McKenzie Humann and Jordan Rappaport

No RWP 21-02, Research Working Paper from Federal Reserve Bank of Kansas City

Abstract: Metropolitan areas—unions of nearby built-up locations within which people travel on a day-to-day basis among places of residence, employment, and consumption—serve as a fundamental unit of economic analysis. But existing delineations of U.S. metro areas—including metropolitan Core-Based Statistical Areas (CBSAs), Urbanized Areas, and Commuting Zones—stray far from this conception. We develop a flexible algorithm that uses commuting flows among U.S. census tracts in 2000 to match varied interpretations of our metropolitan conception. Under a baseline parameterization that balances encompassing commuting flows and excluding sparsely settled land, our Kernel-Based Metropolitan Areas (KBMAs) capture almost all of the population and employment of metropolitan CBSAs but only a small portion of their land area.
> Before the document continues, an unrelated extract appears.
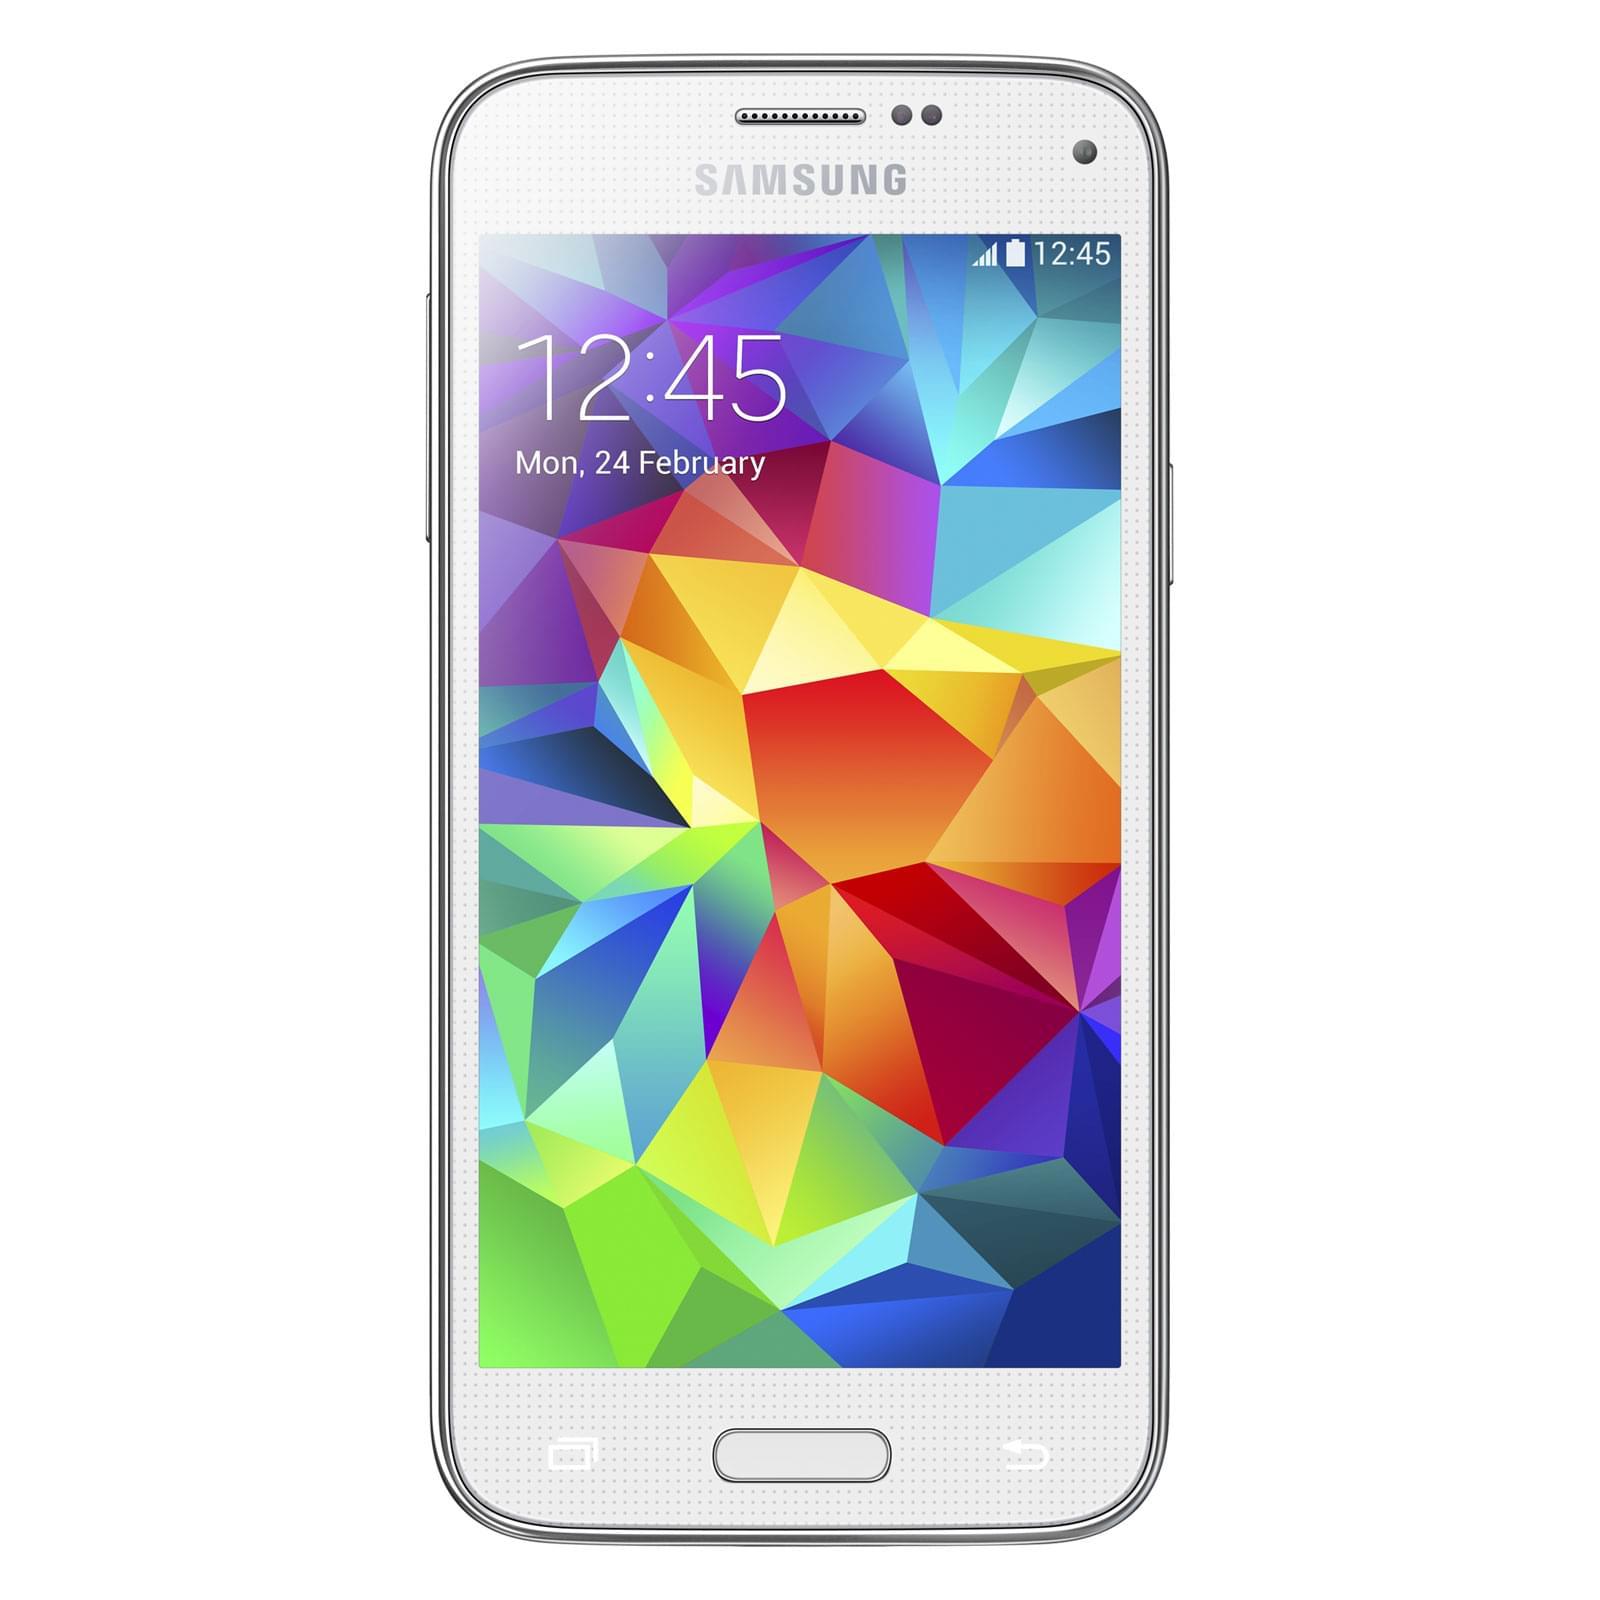 Samsung Galaxy S5 Mini G800 White (SM-G800FZWAXEF) - Achat / Vente Téléphonie sur Cybertek.fr - 0

The population of the baseline KBMAs is distributed more diffusely than the population of existing delineations, suggesting KBMAs better match the geographic scope of agglomeration. But as with existing delineations, population becomes more bunched across the largest KBMAs. Settled land area expands proportionately with population across small KBMAs but increasingly less than proportionately as population becomes larger, suggesting the existence of centripetal forces that temper the geographic expansion of metropolitan areas.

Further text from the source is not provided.